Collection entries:
▼

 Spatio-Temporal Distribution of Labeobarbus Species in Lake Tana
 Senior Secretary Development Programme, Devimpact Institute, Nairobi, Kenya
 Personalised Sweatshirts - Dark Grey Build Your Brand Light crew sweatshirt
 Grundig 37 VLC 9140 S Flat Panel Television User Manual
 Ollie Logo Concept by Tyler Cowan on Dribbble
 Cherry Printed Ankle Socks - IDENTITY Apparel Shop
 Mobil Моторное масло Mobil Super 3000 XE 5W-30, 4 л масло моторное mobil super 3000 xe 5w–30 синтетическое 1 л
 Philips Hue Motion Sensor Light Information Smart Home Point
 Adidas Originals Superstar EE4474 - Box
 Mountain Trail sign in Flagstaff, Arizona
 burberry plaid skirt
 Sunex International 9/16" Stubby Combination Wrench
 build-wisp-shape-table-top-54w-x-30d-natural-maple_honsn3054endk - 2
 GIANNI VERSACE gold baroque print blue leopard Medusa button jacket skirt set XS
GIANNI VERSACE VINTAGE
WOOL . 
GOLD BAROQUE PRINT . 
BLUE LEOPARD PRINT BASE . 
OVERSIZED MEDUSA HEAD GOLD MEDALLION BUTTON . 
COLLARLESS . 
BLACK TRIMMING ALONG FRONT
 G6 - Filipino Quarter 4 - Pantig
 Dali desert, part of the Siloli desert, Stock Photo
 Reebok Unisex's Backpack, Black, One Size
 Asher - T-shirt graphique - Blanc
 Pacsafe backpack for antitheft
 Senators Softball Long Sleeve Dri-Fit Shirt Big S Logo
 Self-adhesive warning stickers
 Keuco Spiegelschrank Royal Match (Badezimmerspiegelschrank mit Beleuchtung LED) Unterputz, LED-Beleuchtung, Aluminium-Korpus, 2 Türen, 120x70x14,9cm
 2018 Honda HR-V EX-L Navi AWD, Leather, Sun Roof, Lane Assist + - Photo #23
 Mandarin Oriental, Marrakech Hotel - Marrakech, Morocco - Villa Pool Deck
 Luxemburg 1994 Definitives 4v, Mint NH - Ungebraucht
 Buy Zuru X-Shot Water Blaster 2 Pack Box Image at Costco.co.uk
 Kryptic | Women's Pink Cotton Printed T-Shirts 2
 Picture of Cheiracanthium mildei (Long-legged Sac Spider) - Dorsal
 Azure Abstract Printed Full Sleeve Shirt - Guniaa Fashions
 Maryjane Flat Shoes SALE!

▲

▸ **AIM OF THE TASK**: From the records above, retype only the lines starting at the line that contains "G6 - Filipino Quarter 4 - Pantig" and ending at the line that contains "Self-adhesive warning stickers", both included.

▸ **EXERCISE RESULT**:
 G6 - Filipino Quarter 4 - Pantig
 Dali desert, part of the Siloli desert, Stock Photo
 Reebok Unisex's Backpack, Black, One Size
 Asher - T-shirt graphique - Blanc
 Pacsafe backpack for antitheft
 Senators Softball Long Sleeve Dri-Fit Shirt Big S Logo
 Self-adhesive warning stickers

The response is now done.